The advent of the computer has brought with it the ability to generate and store huge amounts of data. For example, it is not unusual for power users to have the equivalent of three or four encyclopedias worth of data online. When you add the data generated by government and other organisations, such as the recently completed census or the data collected every time you make a purchase at any modern supermarket, the volume of data available is almost incomprehensible. The problem is in how to turn this data into usable information.

However, this is not a new phenomenon. Scientists, especially experimentalists, have long had to tackle this problem. While Isaac Newton may have formulated his theory of gravity when an apple fell on his head, it was still followed by hundreds, if not thousands, of experiments demonstrating, validating and/or refining the original equation. Taking more recent examples, the volume of data generated by space probes and particle physics, dwarfs anything previously contemplated. Looking closer to home, scientists at ANSTO often analyse data generated over their entire working career of twenty or thirty years.

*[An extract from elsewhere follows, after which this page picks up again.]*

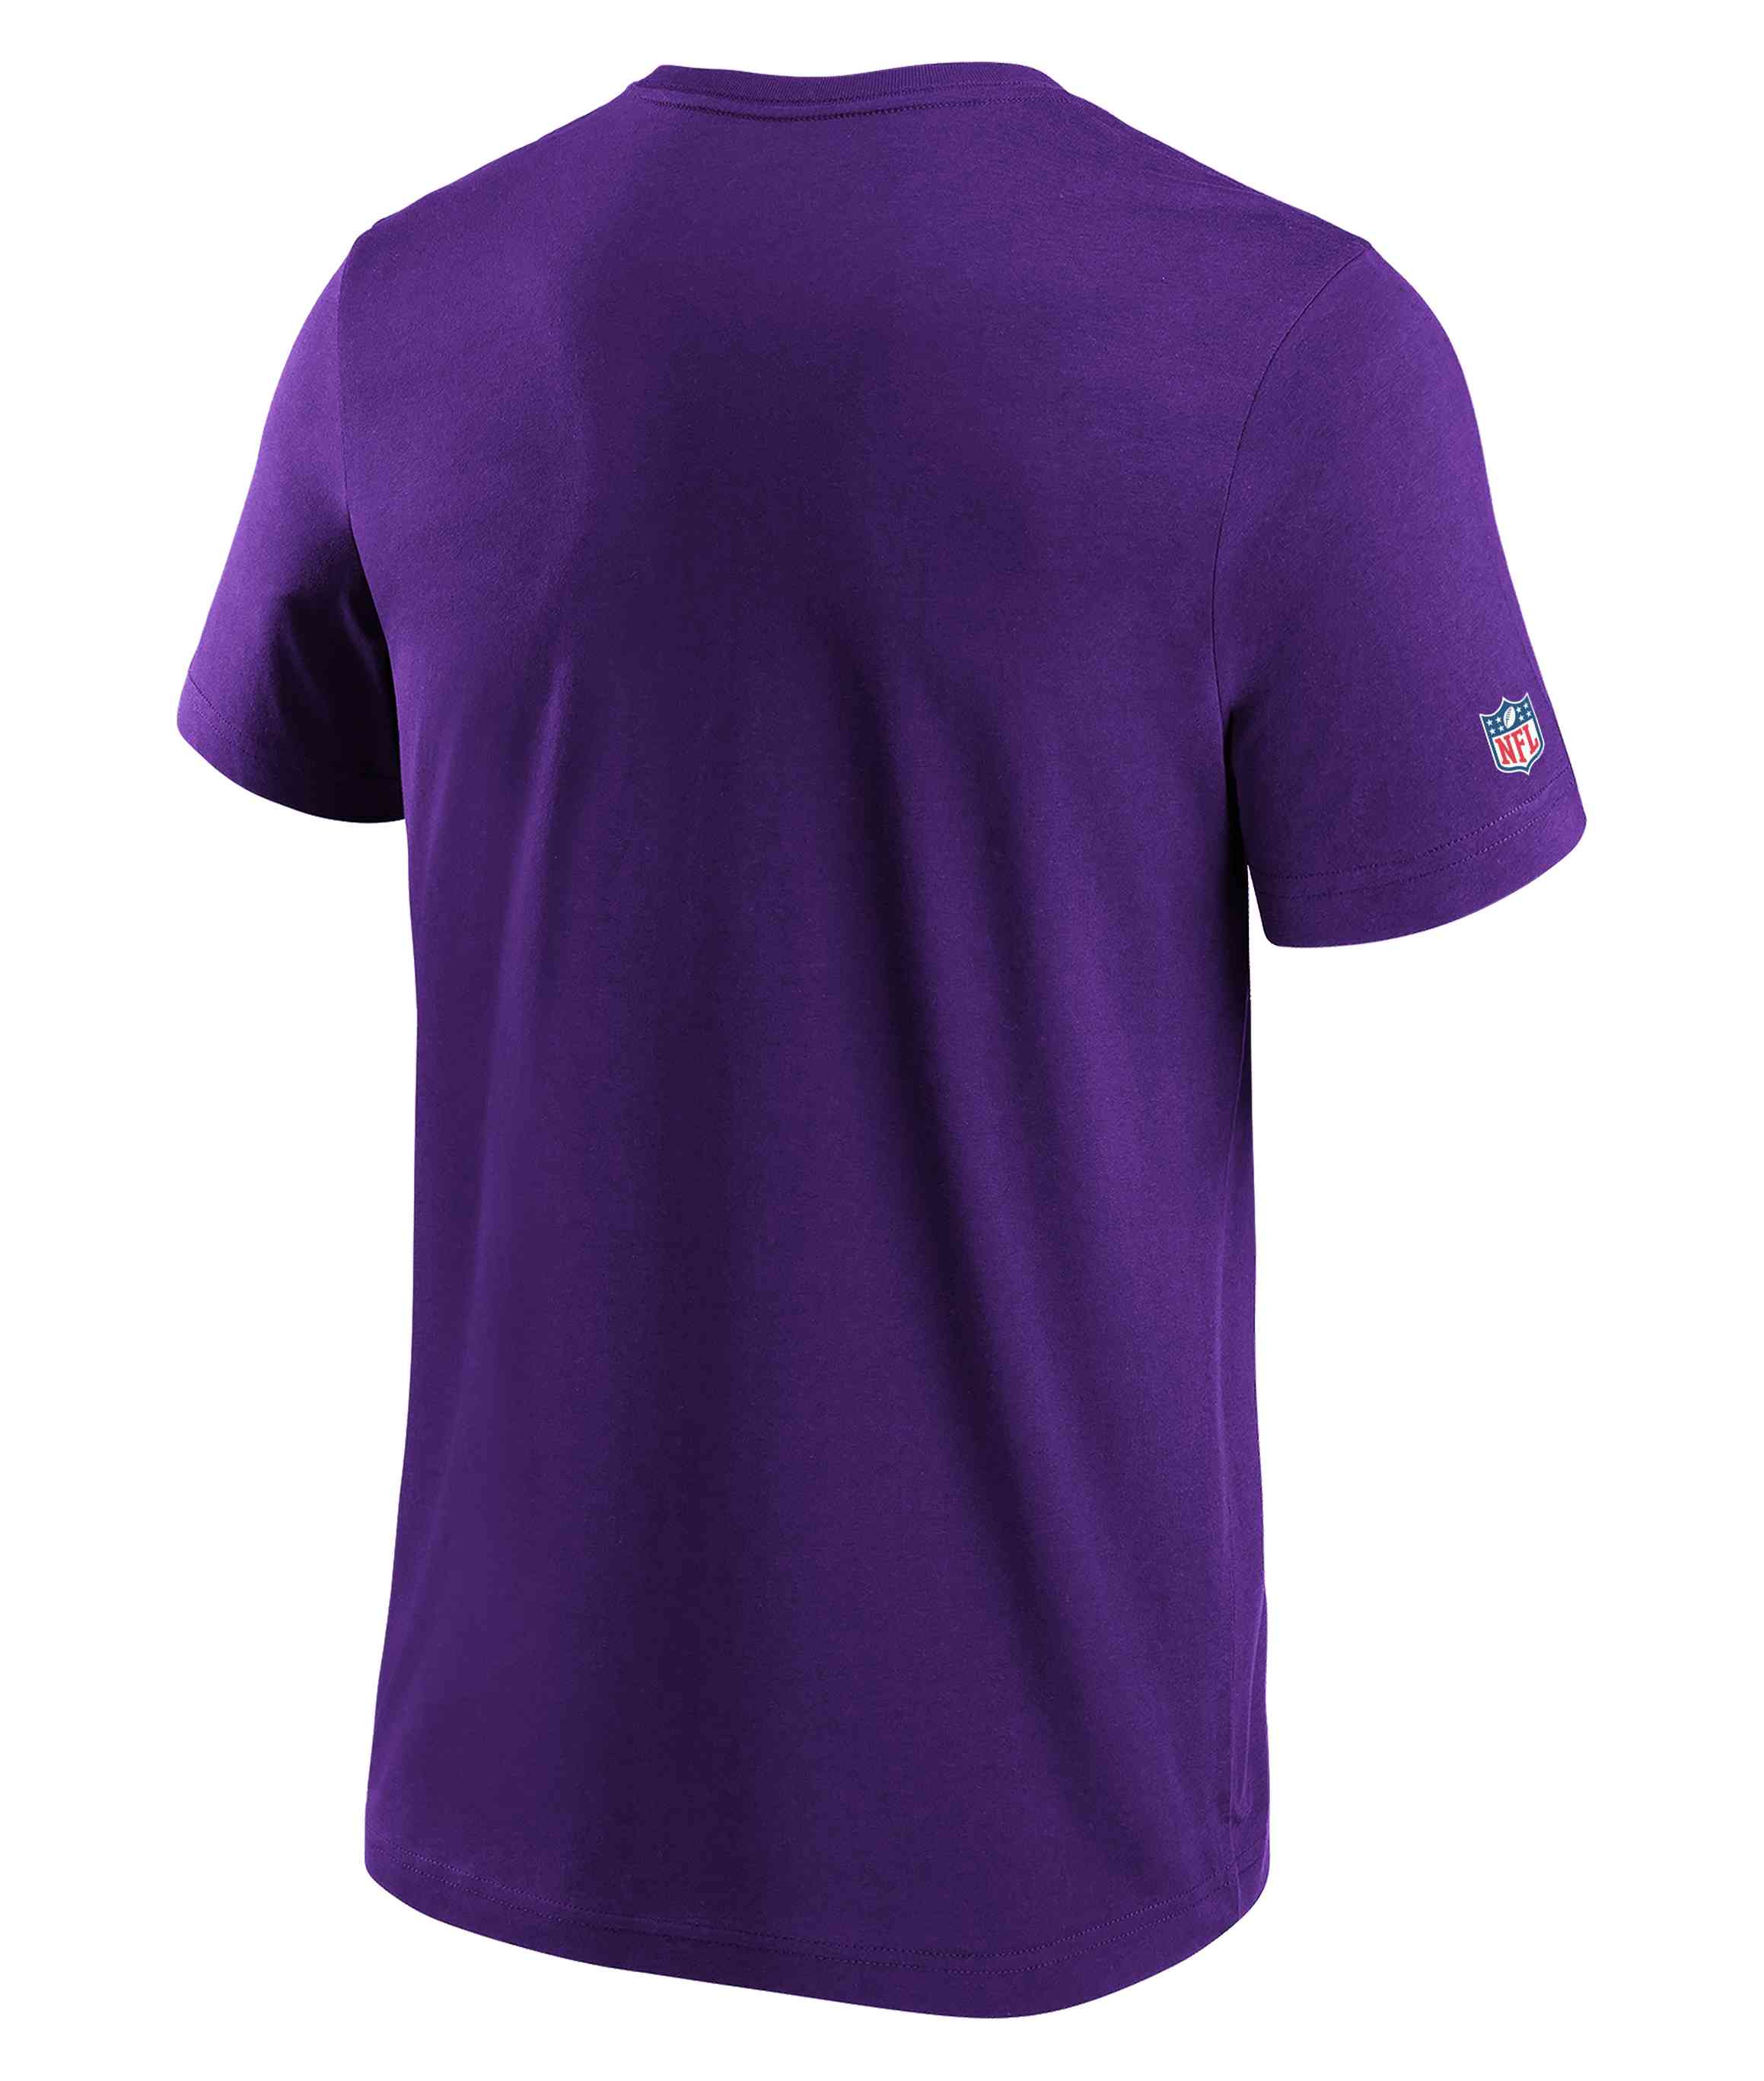 Fanatics - NFL Minnesota Vikings Primary Logo Graphic T-Shirt

Over the centuries, various methods have been developed to deal with this volume of data, many of which were seen as major steps forward for mathematics at the time. Some of these methods include Fast Fourier Transforms, Multivariate Regression Analysis, as well as a whole range of statistical methods. More recently, Visualisation has been widely adopted by scientists as a means of studying the ever-growing masses of data.

2 What Is Data Mining?

With the current trends in centralisation of an organisation's data in large databases, particularly in a commercial environment, the process of extracting useful information has become more formalised and the term Data Mining has been coined for it. In one of the first papers on commercial Data Mining, Evangelos Simoudis of IBM defined it as:

The process of extracting previously unknown, comprehensible and actionable information from large databases and using it to make crucial business decisions (Simoudis 1995).

This definition has a definite business flavour and much of IBM's development of Data Mining has been in this direction. In practice, Data Mining is a process which can take on different approaches depending on the type of data involved and the objectives desired. As this is still very much an evolving discipline, much work is being undertaken to determine standard processes for the varied environments. Further, as the context in which the data is gathered is often an important component, this must be factored into any analysis.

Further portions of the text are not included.